3. Map each activation record to a string in the format account-number:model. Use the provided getAccount and getModel functions to find the values from the activation record.
4. Save the formatted strings to a text file in the directory
5. Map each activation record to a string in the format (account-number,model) to build a `pairRDD` to answer the following questions. Use the provided getAccount and getModel functions to find the values from the activation record.

QUESTIONS:
1. Get the top 5 accounts with highest number of activations. Hint: build the proper `pairRDD` and use `reduceByKey()` and `sortBy()`.
2. Get the top 5 models with highest number of activations. Hint: build the proper `pairRDD` and use `reduceByKey()` and `sortBy()`.
3. How many distinct accounts have activated a model in these years. Hint: build the proper `pairRDD` and use `distinct()`
4. Get how many accounts activated a model for each frequency. Hint: try to reverse (account-number,activations) to (activations,account-number) and try `countByKey()`.
5. Get the models of the top 5 accounts which have activated more models. Hint: From the question 1 we know the accounts with more activations, now we want to know these models. Build the proper `pairRDD` and use `groupByKey()` and `sortBy()`. To print out the models, you should use Python sentences to get data from the pyspark return.

In [11]:
import os
import sys

os.environ['SPARK_HOME'] = "C:\\spark-2.3.2-bin-hadoop2.7\\"
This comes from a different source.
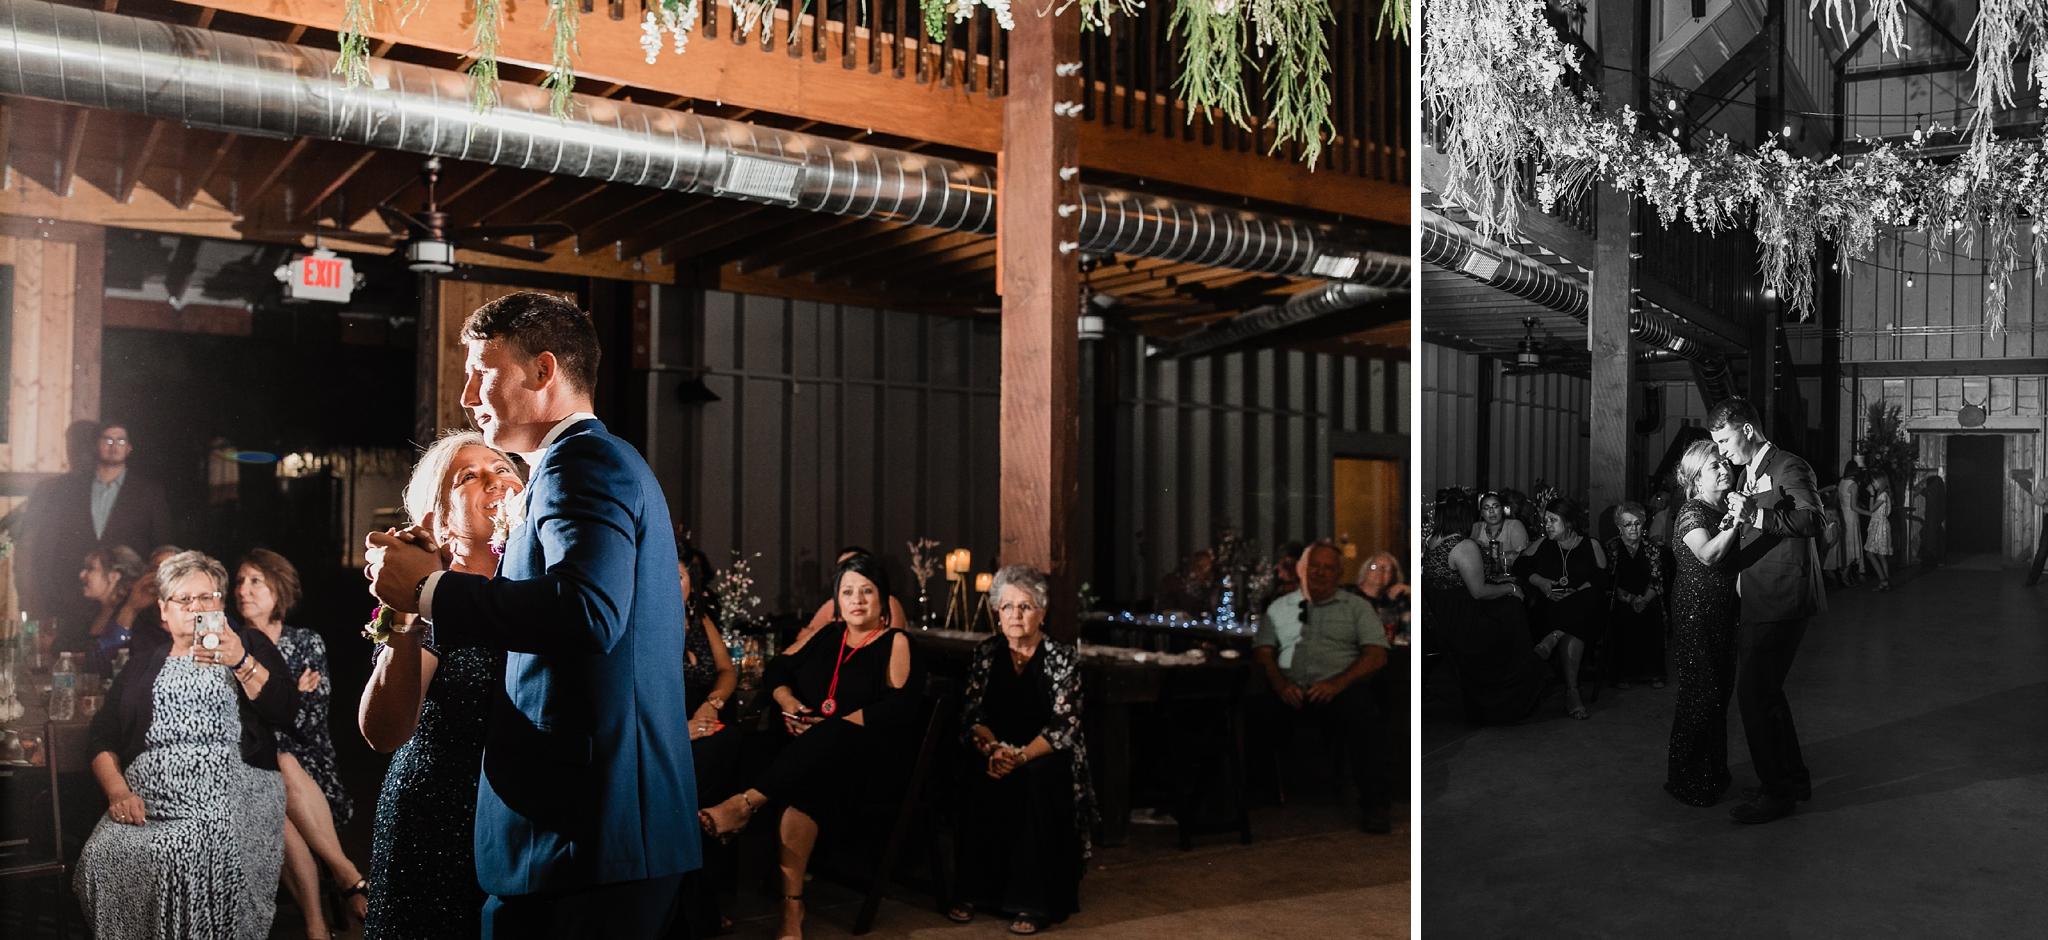 Alicia+lucia+photography+-+albuquerque+wedding+photographer+-+santa+fe+wedding+photography+-+new+mexico+wedding+photographer+-+new+mexico+wedding+-+new+mexico+wedding+-+barn+wedding+-+enchanted+vine+barn+wedding+-+ruidoso+wedding_0166.jpg
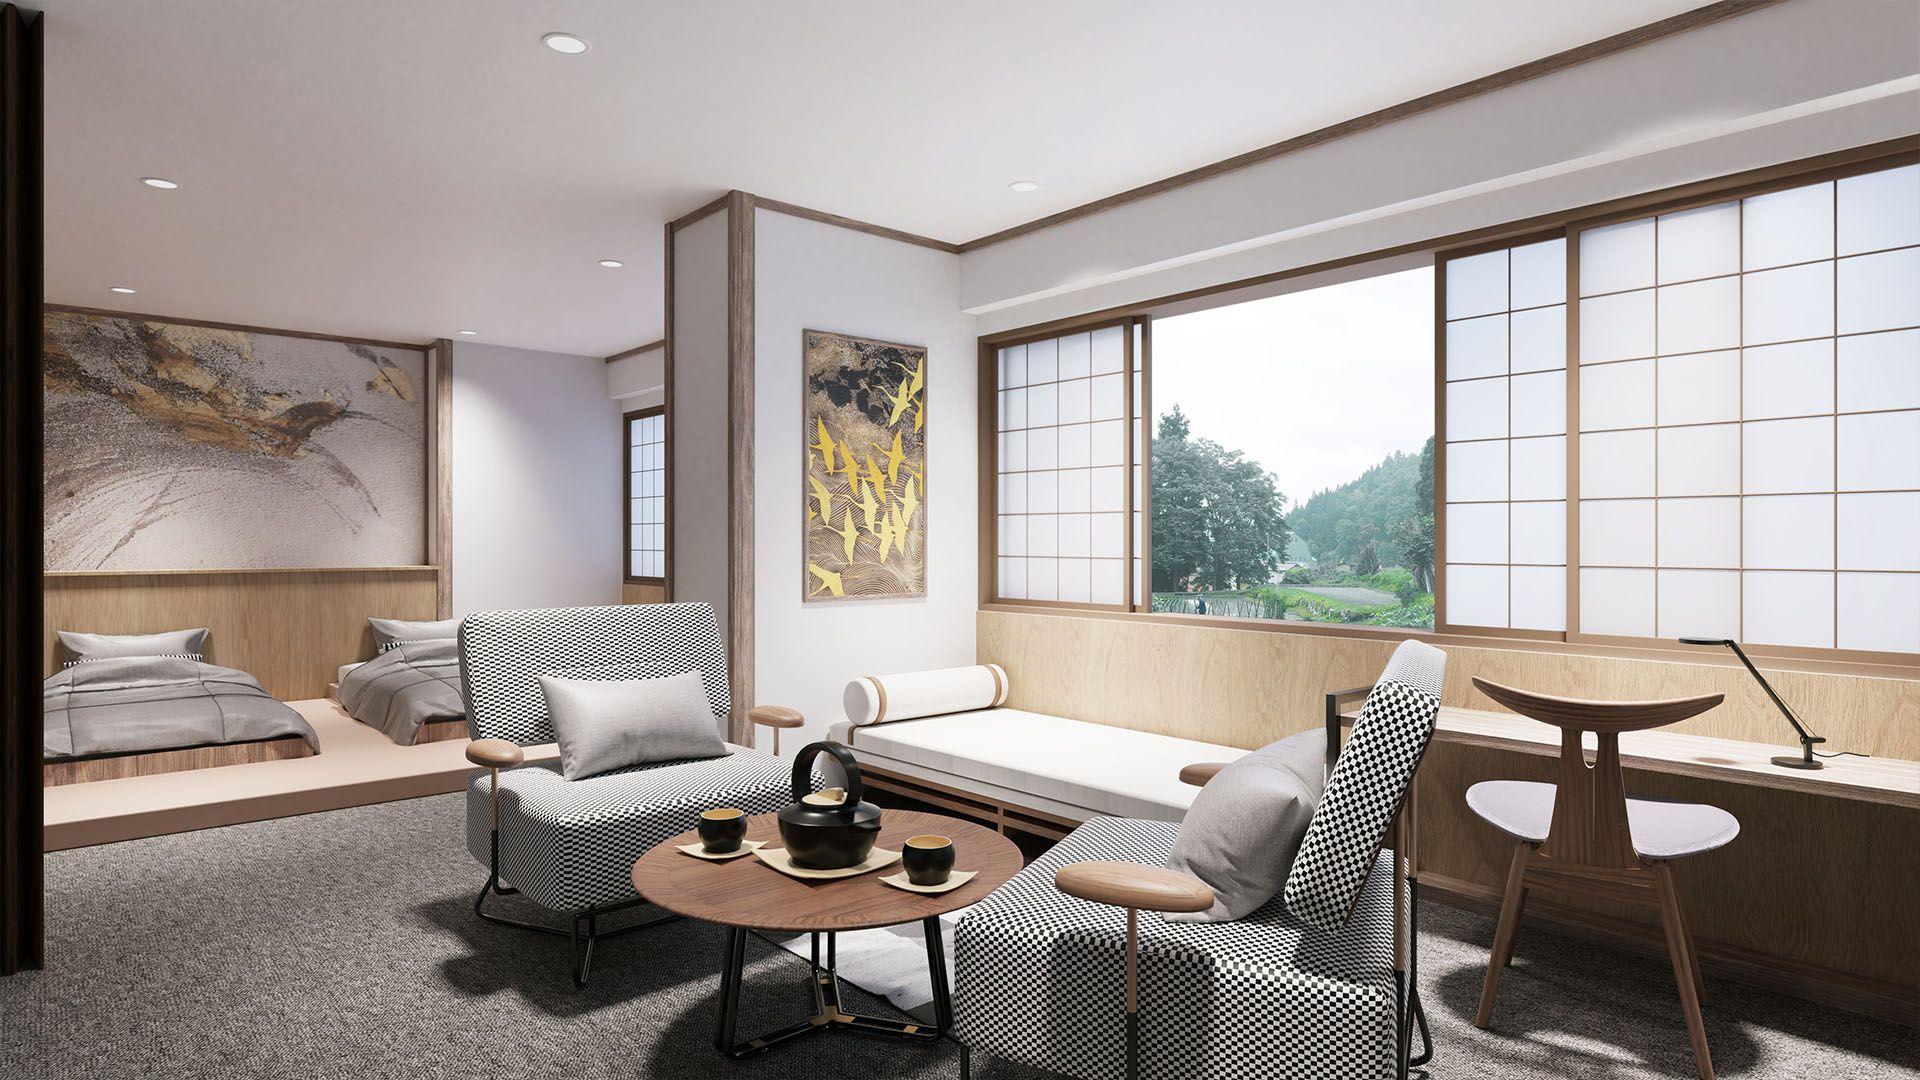 residence-yasushi-5b5154724332a_large

# Create a variable for our root path
SPARK_HOME = os.environ['SPARK_HOME']

#Add the following paths to the system path. Please check your installation
#to make sure that these zip files actually exist. The names might change
#as versions change.
sys.path.insert(0,os.path.join(SPARK_HOME,"python"))
sys.path.insert(0,os.path.join(SPARK_HOME,"python","lib"))
sys.path.insert(0,os.path.join(SPARK_HOME,"python","lib","pyspark.zip"))
sys.path.insert(0,os.path.join(SPARK_HOME,"python","lib","py4j-0.10.7-src.zip"))
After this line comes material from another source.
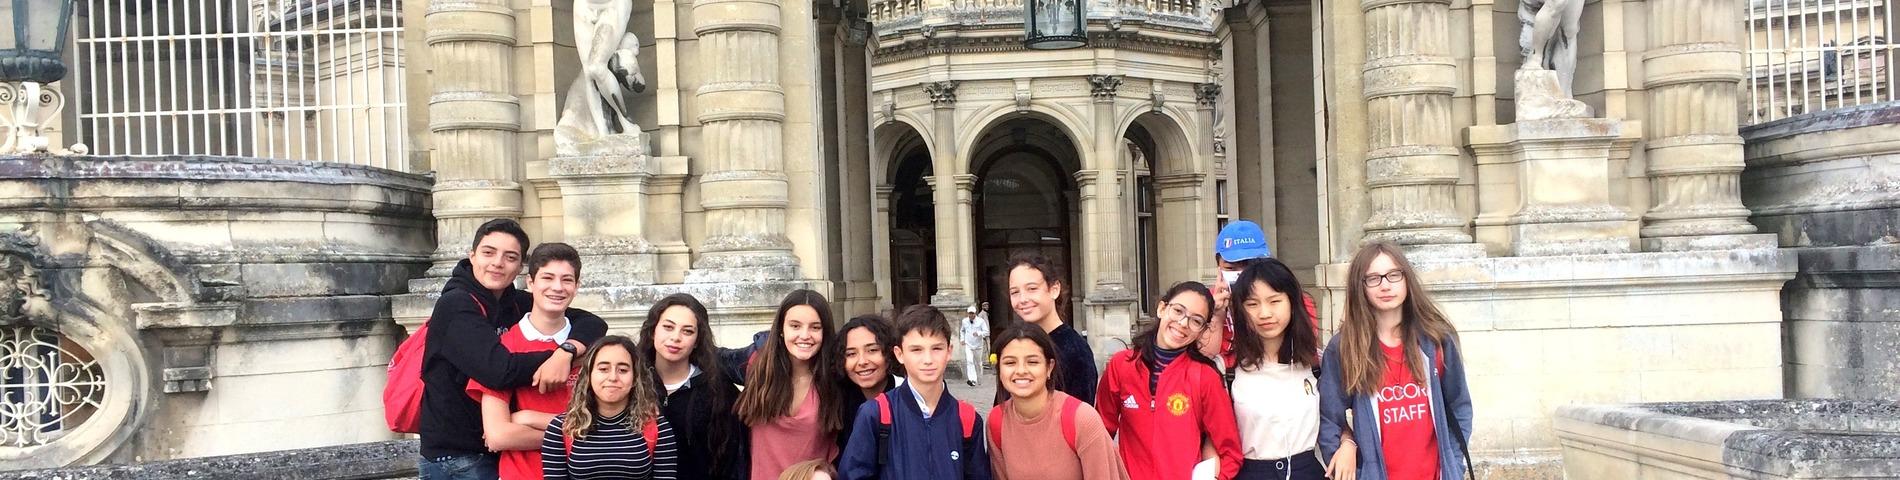 Imagen 1 de la escuela Accord French Language School

#Initialize SparkSession and SparkContext
from pyspark.sql import SparkSession

#Create a Spark Session
spark = SparkSession \
    .builder \
    .master("local[2]") \
    .appName("MiPrimer") \
    .config("spark.executor.memory", "6g") \
    .config("spark.cores.max","4") \
    .getOrCreate()


#Get the Spark Context from Spark Session    
sc = spark.sparkContext

In [12]:
import xml.etree.ElementTree as ElementTree

# Given a string containing XML, parse the string, and 
# return an iterator of activation XML records (Elements) contained in the string
def getActivations(s):
    filetree = ElementTree.fromstring(s)
    return filetree.getiterator('activation')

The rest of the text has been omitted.